• _Assignment_:
Please retype the listing below exactly as it stands, skipping any pictures.

• _Data extract_:
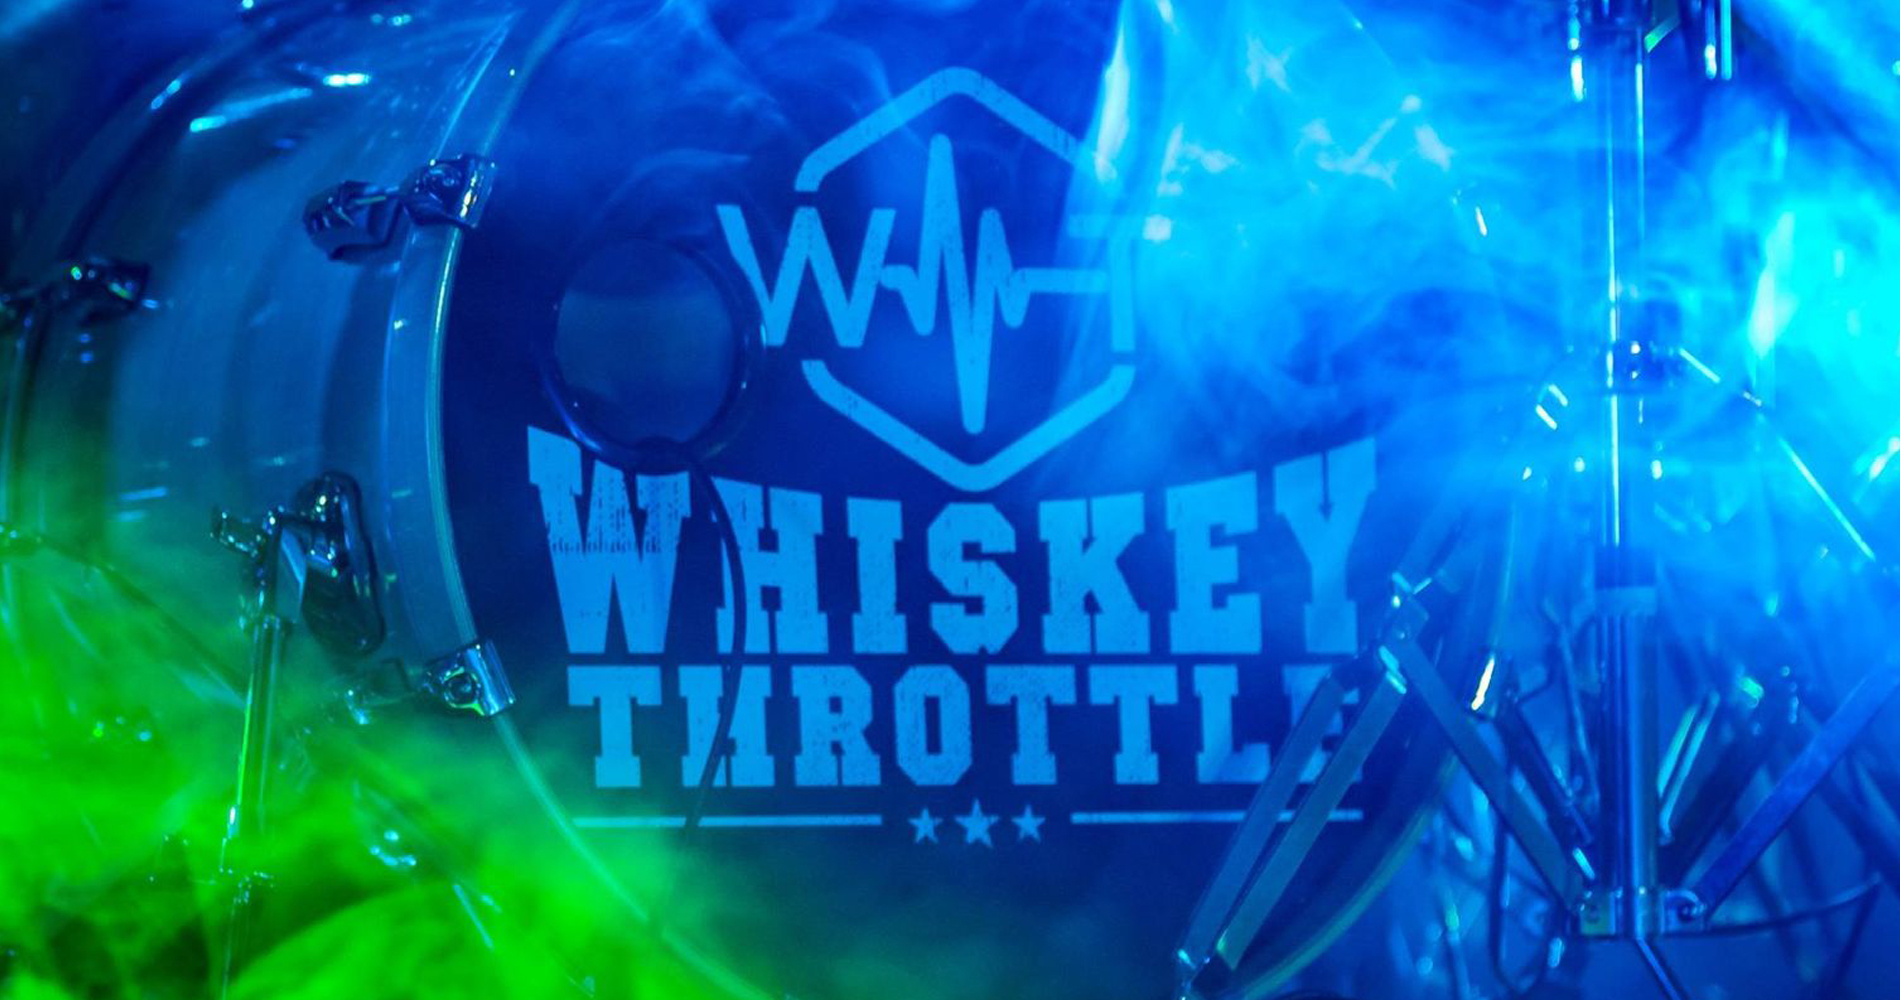 Whiskey Throttle
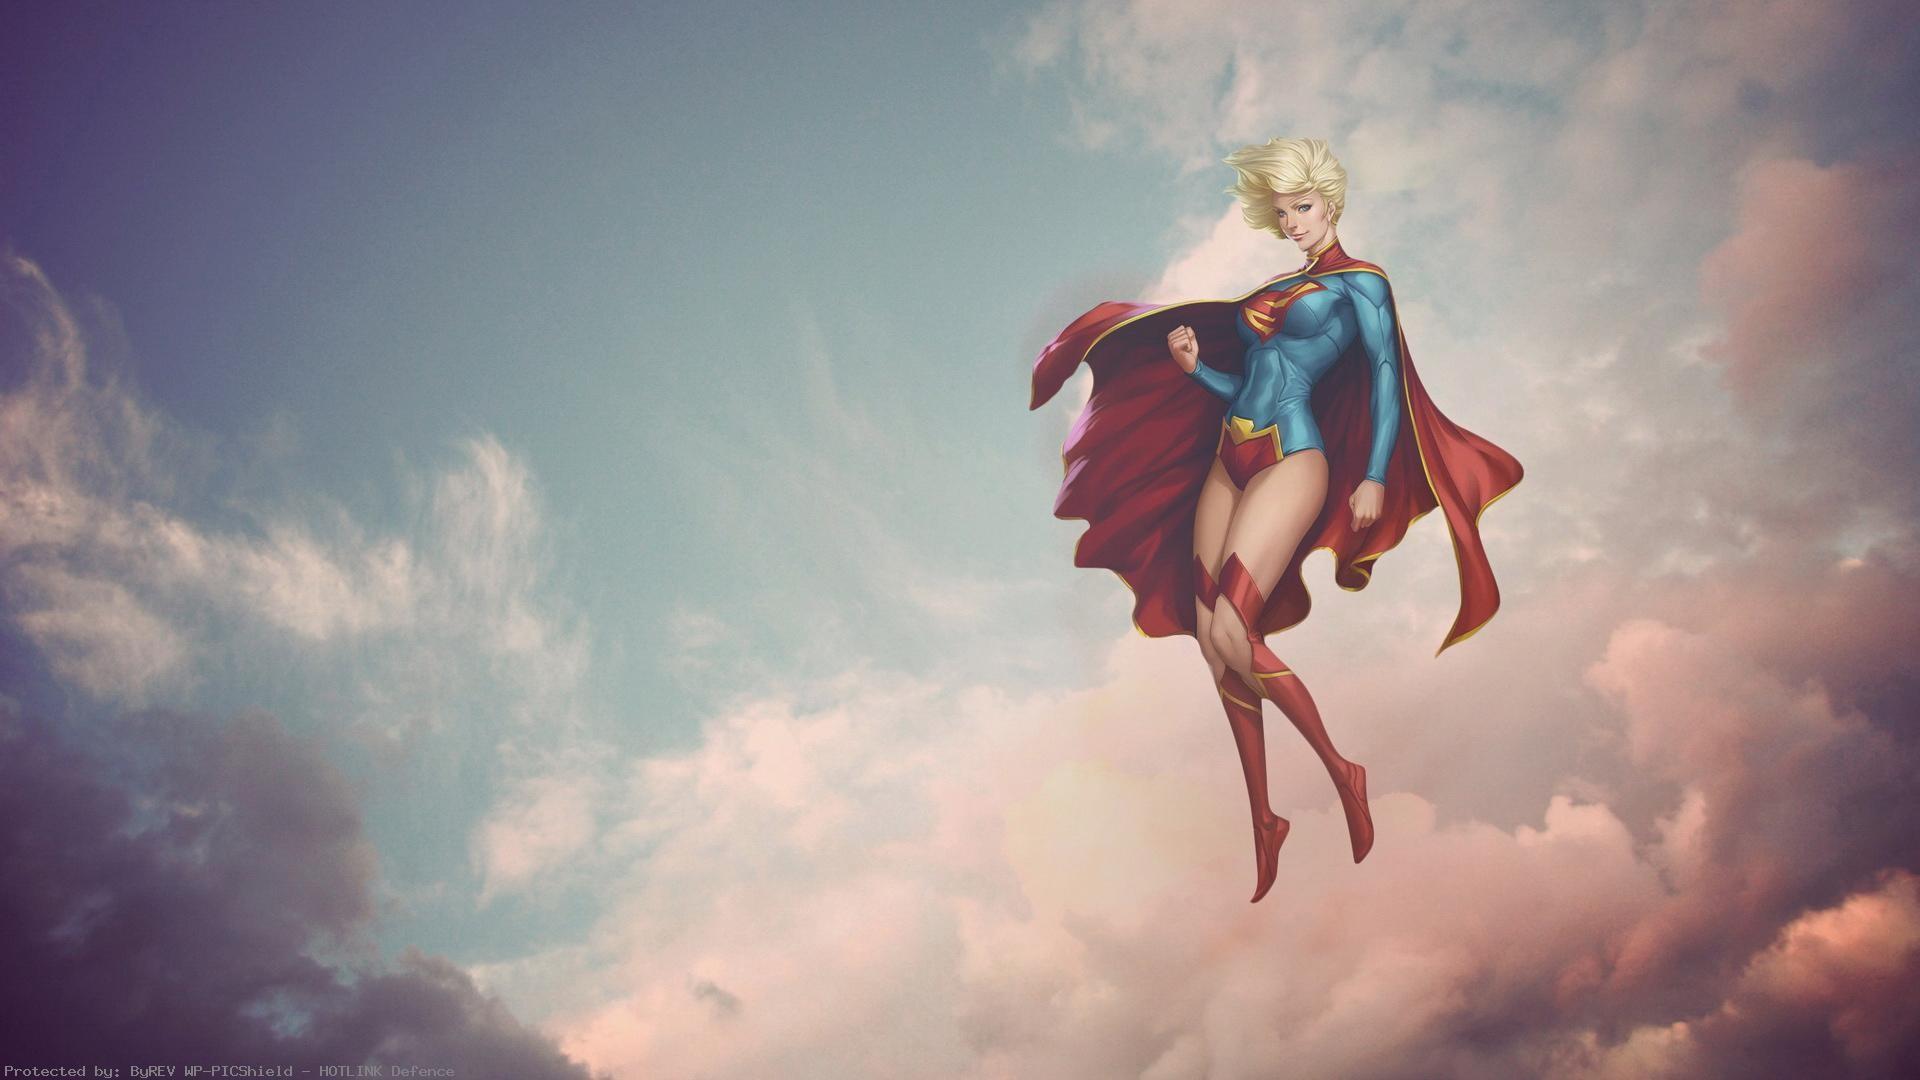 Supergirl-1920×1080-wallpaper-wp80012565
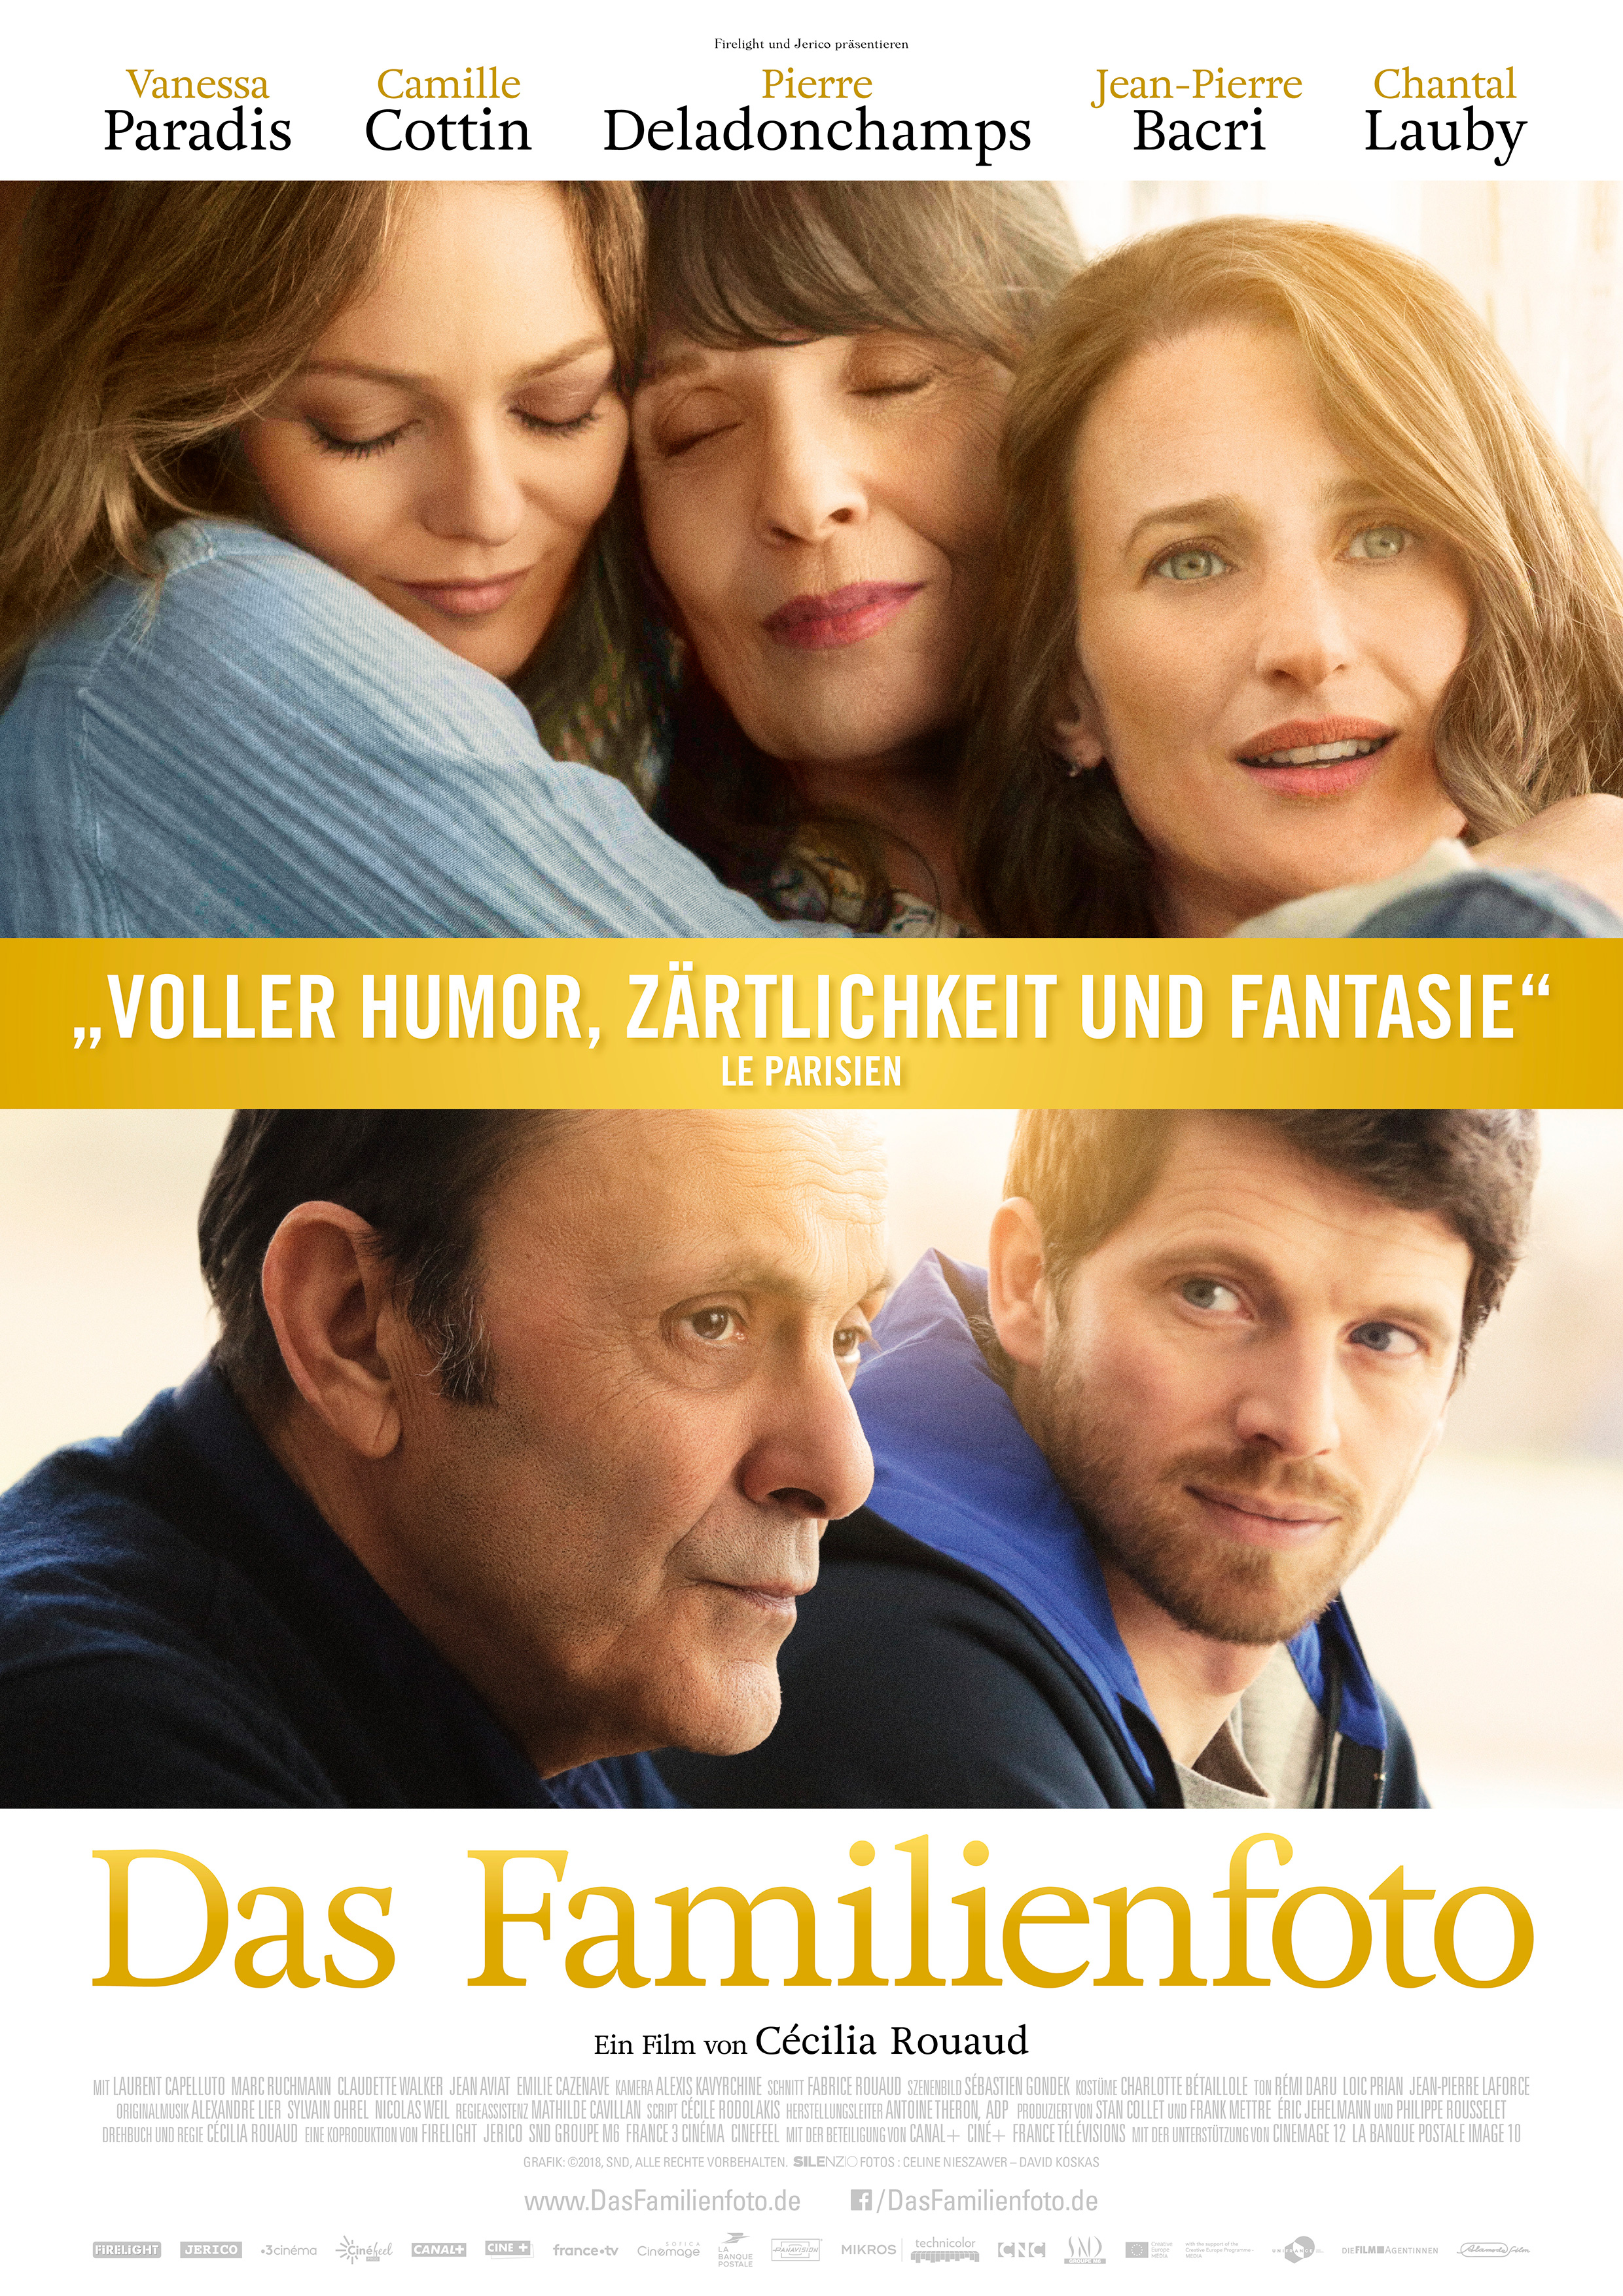 Das Familienfoto Film 2018 Trailer Kritik Kino De

• _Reply_:
 Whiskey Throttle
 Supergirl-1920×1080-wallpaper-wp80012565
 Das Familienfoto Film 2018 Trailer Kritik Kino De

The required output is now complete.